Certains chutent dans l’eau glauque pour continuer à se battre en éclaboussant les autres. Plus loin la paroi devient rouge. Près de grands feux, des êtres en haillons maintiennent d’autres êtres en haillons sur des engins de torture truffés de pointes, ou des roues d’écartèlement. Certains en traînent d’autres vers des potences où ils les accrochent pour les fouetter, les brûler, les lacérer à coups de lames de rasoir. Les hurlements redoublent d’intensité au point de nous assourdir.
Notre gondolier ricane toujours derrière son large chapeau.
Le bateau quitte la zone rouge pour rejoindre un lieu grisâtre. Des gouttes tombent en pluie du plafond.
Je lève la tête et je m’aperçois que toute la partie supérieure de la caverne est occupée par des têtes incrustées à même la paroi et qui pleurent.

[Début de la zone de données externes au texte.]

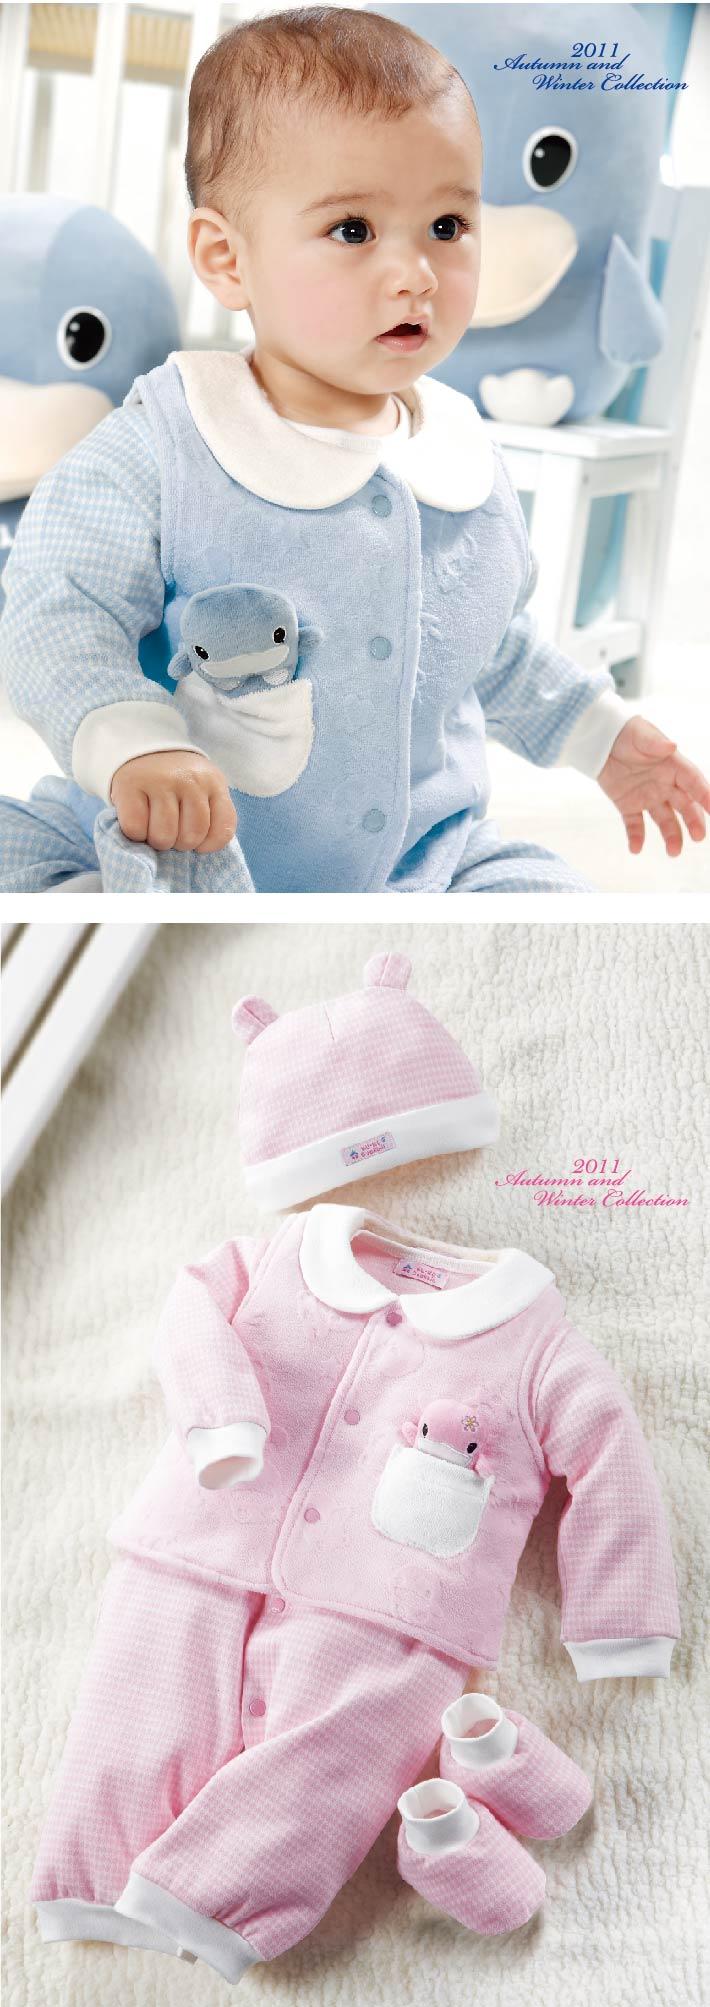 proimages/Seasonal_clothing/2011Autumn_Winter/8294/KU8294.jpg
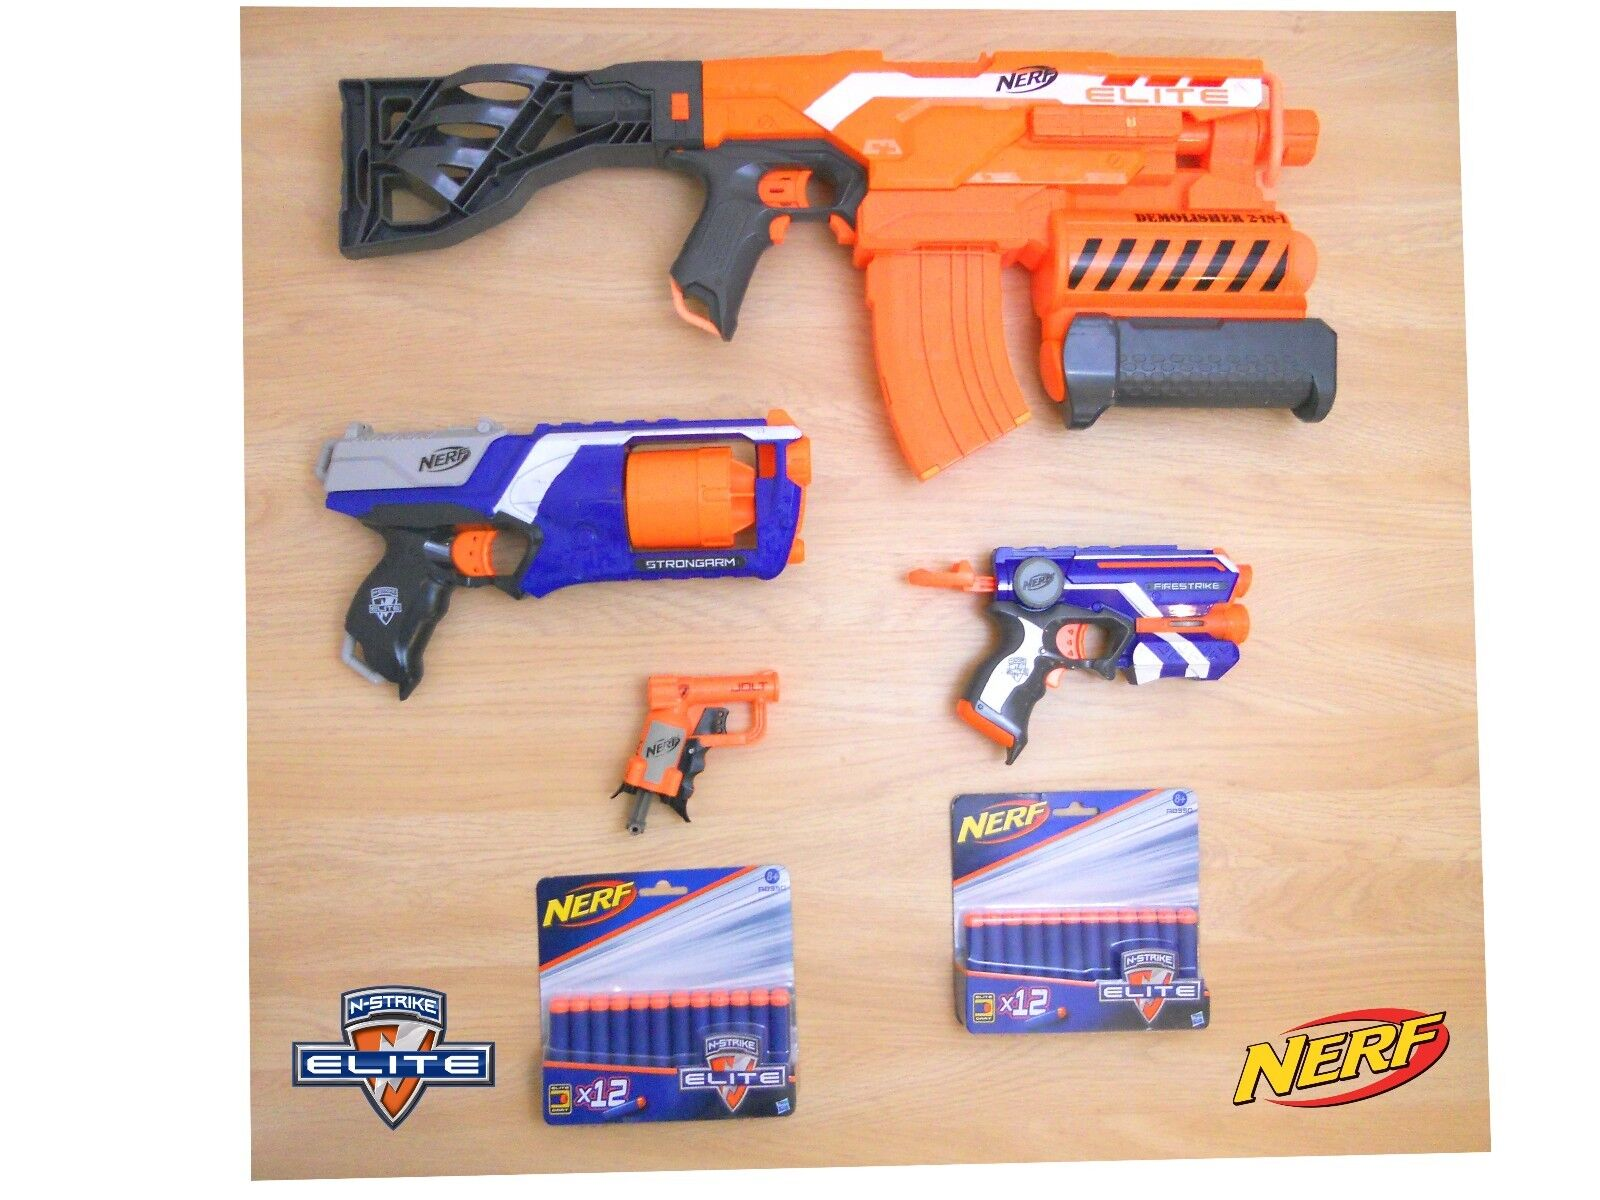 Pistolas Nerf Paquete demoledor Strongarm Firestrike Jolt & 24 N-strike Elite Dardos

— Ce sont leurs larmes qui remplissent le fleuve Styx, signale Orphée.
Je scrute les visages là-haut et il me semble en reconnaître un.
Lucien Duprès.
Le déicide.
S’il est là c’est peut-être que Mata Hari est là aussi.
Je ne peux m’empêcher de hurler.
— Mata !
Plusieurs voix féminines me répondent simultanément.
— C’est moi Mata, je suis là !
— Non, c’est moi, je suis ici !
— Non, là !
— Je suis Mata, libère-moi de l’Enfer.
— Non, moi !
— Moi, ici, je suis ta Mata !
C’est bientôt un vacarme de voix féminines stridentes.
Charon ricane dans sa cape, mais garde le visage dans l’ombre de son large chapeau.
— Calme-toi, m’intime Aphrodite, elle n’est pas là.
Je me dégage de la déesse de l’Amour et continue de fixer les têtes qui dépassent du plafond.
Enfin la barque accoste à un embarcadère, et Charon d’un geste du bras nous indique de continuer sans lui.
Nous empruntons un escalier sombre qui sent fortement la pourriture. Nous descendons. Des croix jaunes identiques à celle qu’a tracée Aphrodite continuent d’apparaître spontanément.
Les êtres invisibles sont revenus.
En effet, des pas creusent la poussière et nous indiquent une direction à prendre.